- WORK REQUIRED:
A faithful transcript of all the lines below, with no pictures, is the goal here.

- RECORDED DATA:
━━━━
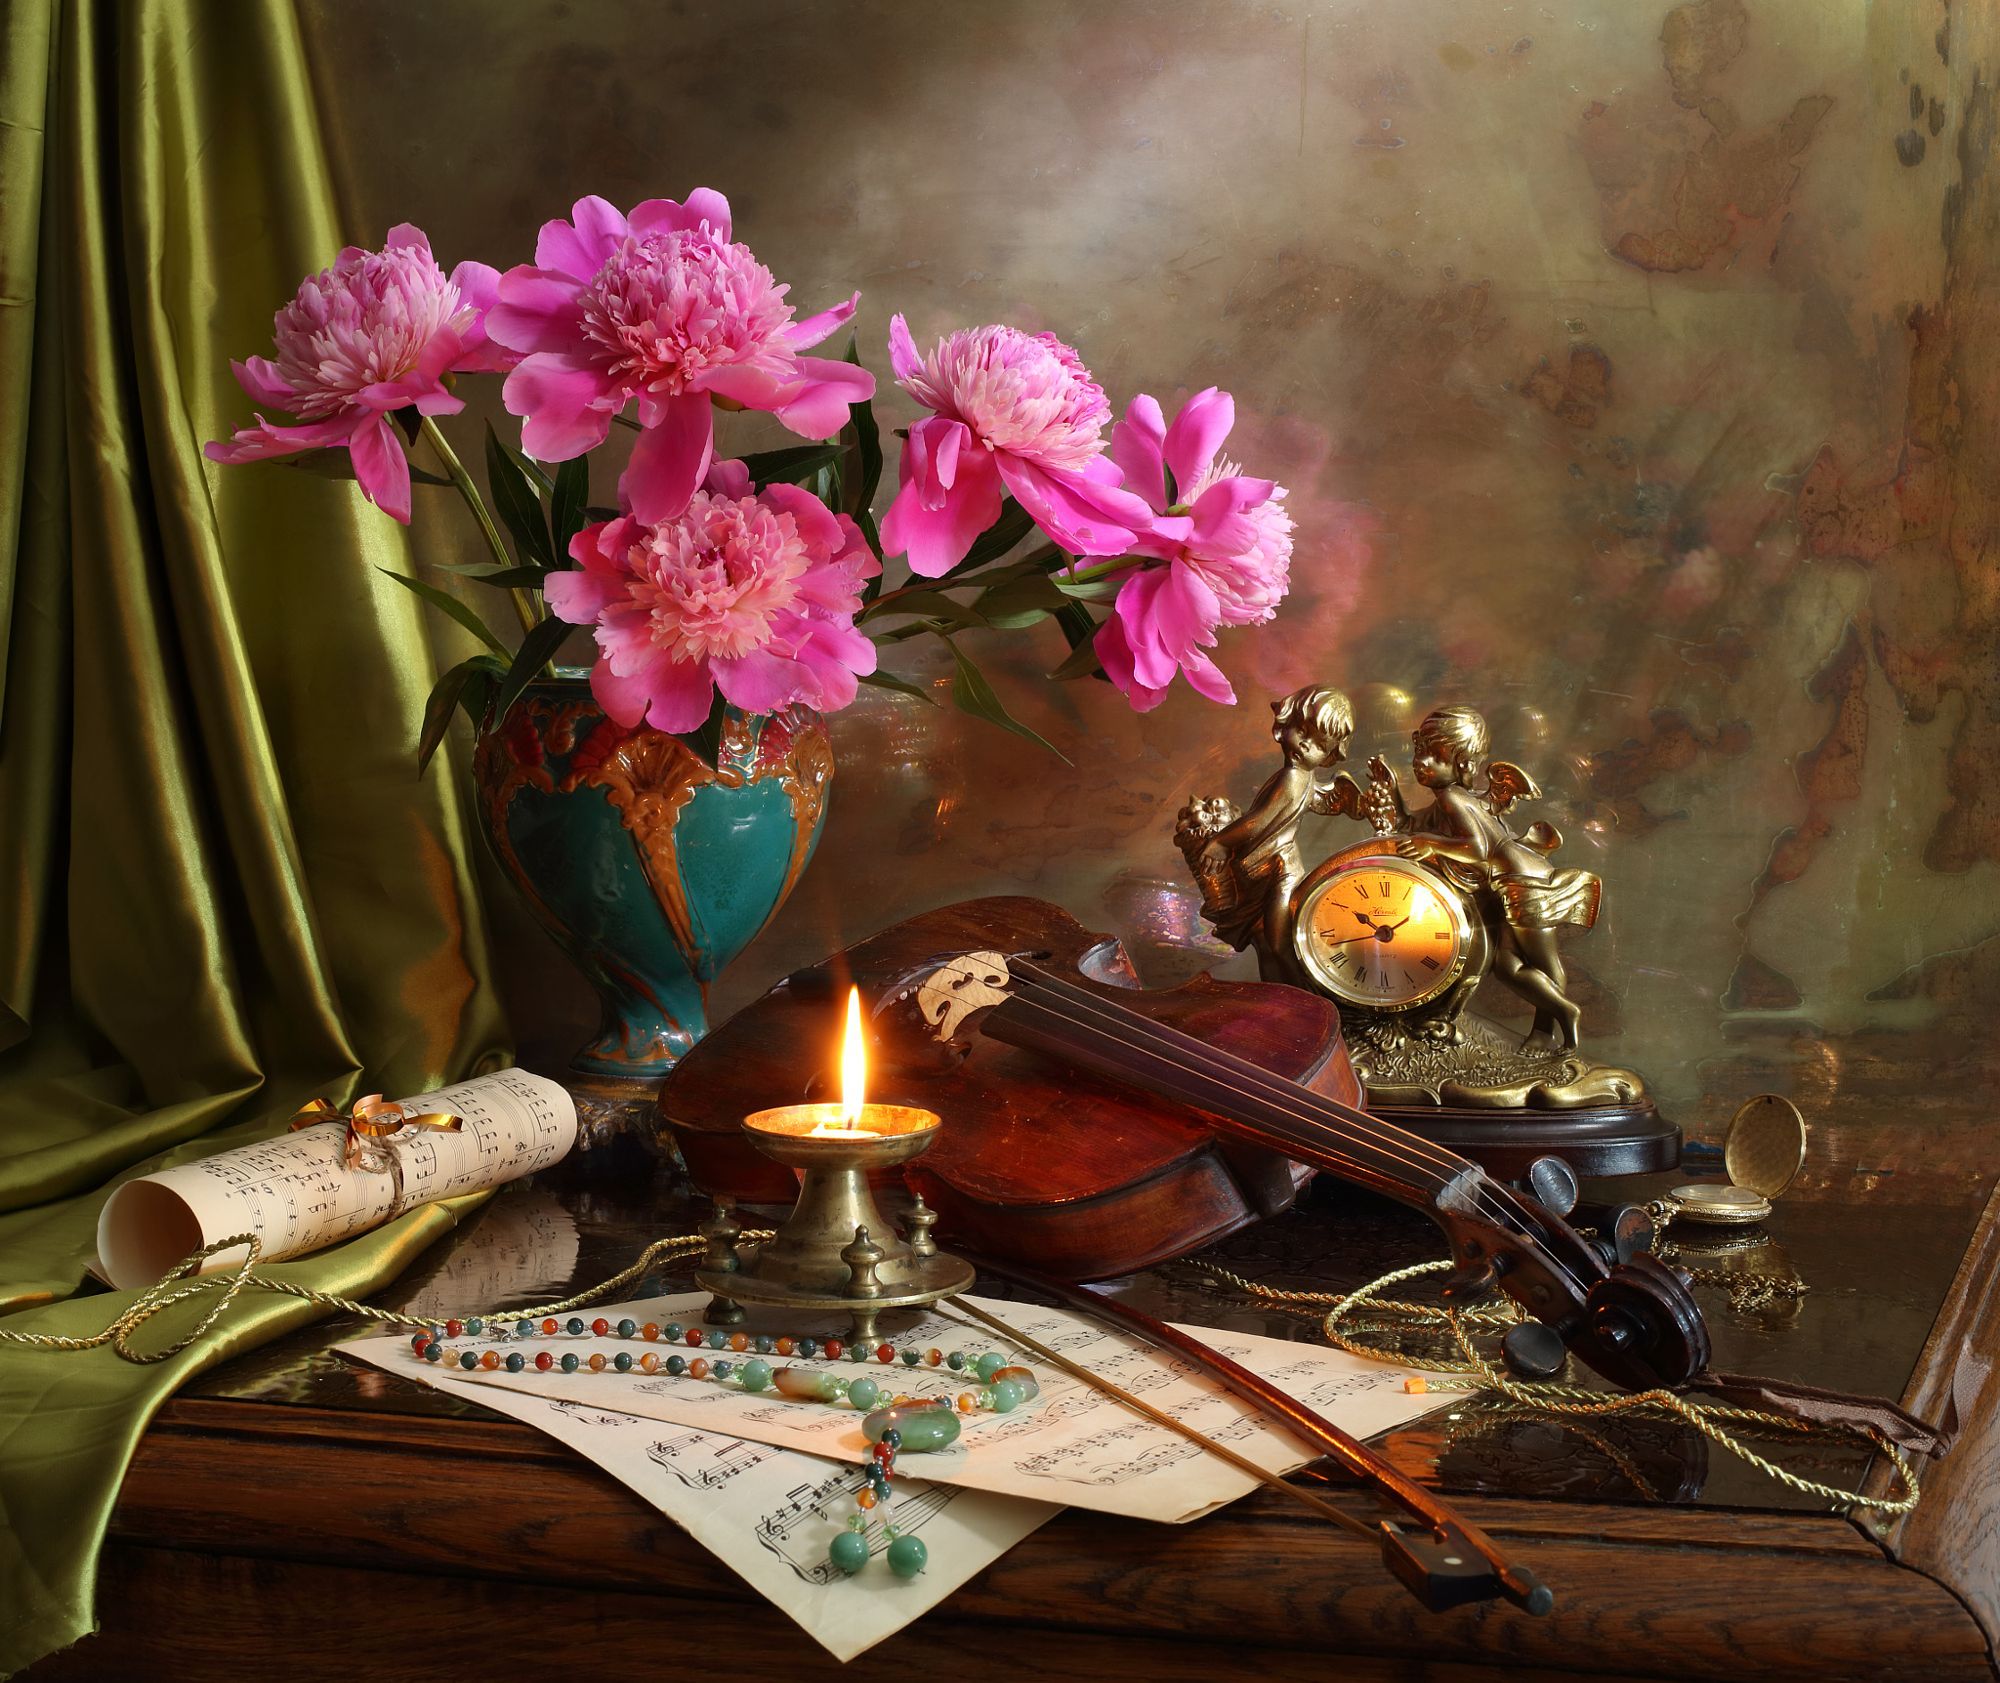 photography, still life, candle, flower, pink flower, sheet music, violin
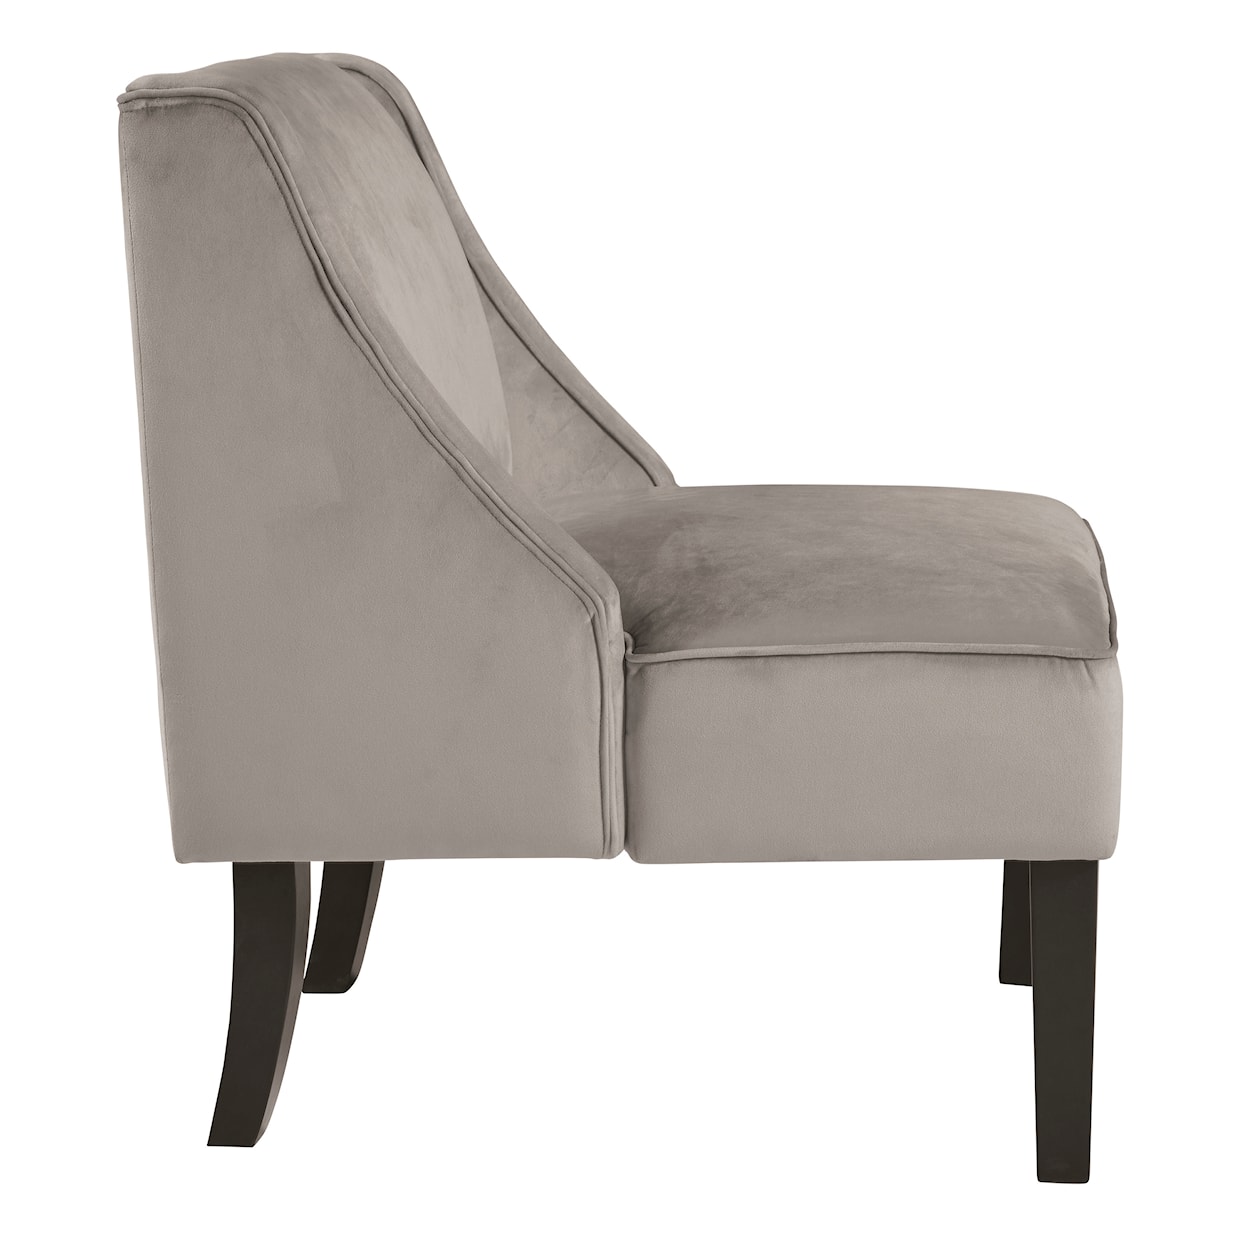 Michael Alan Select Janesley Accent Chair
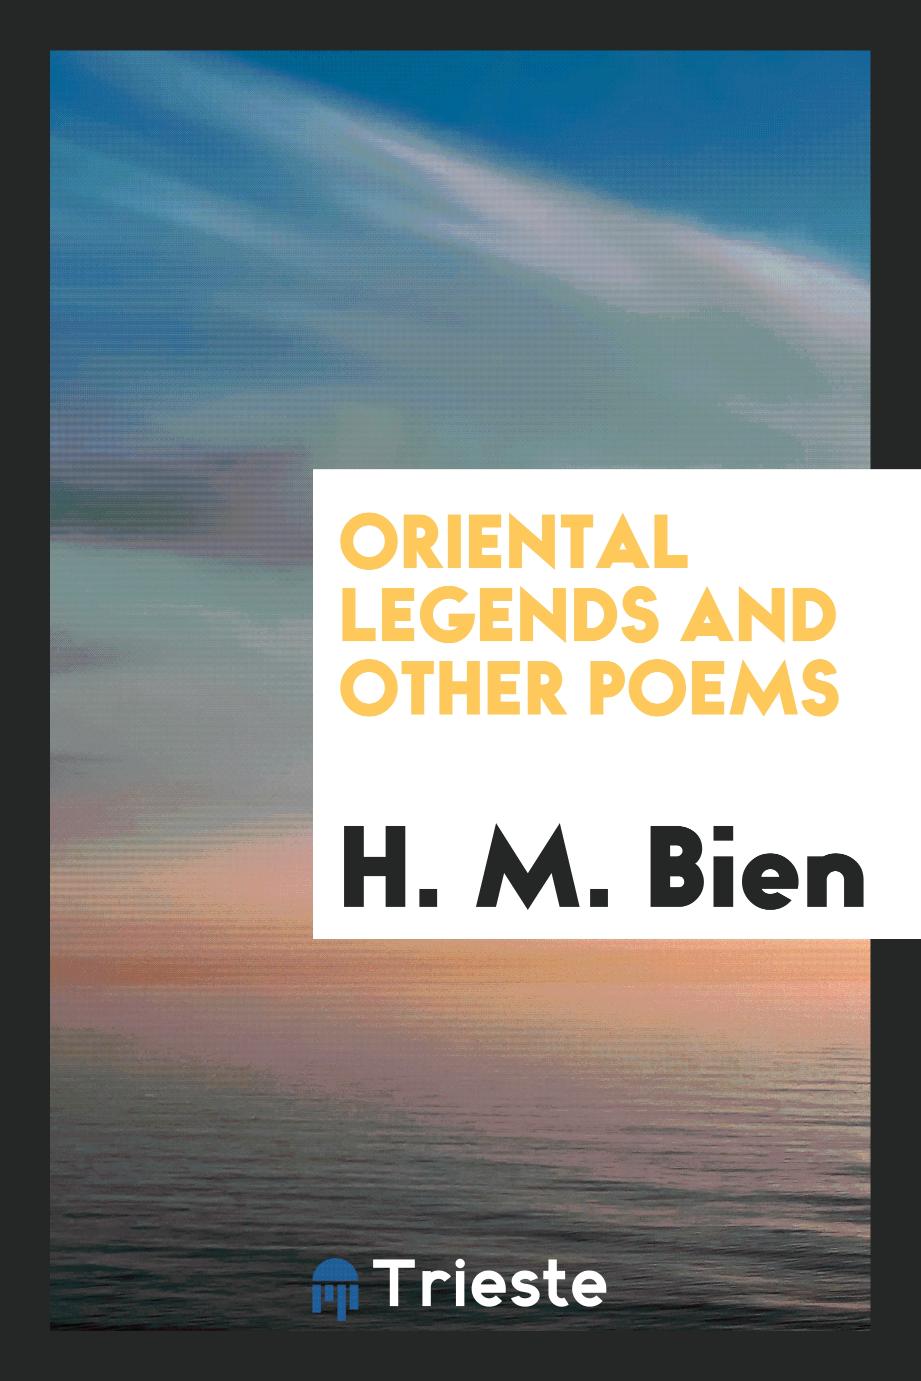 Oriental legends and other poems
━━━━
- ANSWER SECTION:
 photography, still life, candle, flower, pink flower, sheet music, violin
 Michael Alan Select Janesley Accent Chair
 Oriental legends and other poems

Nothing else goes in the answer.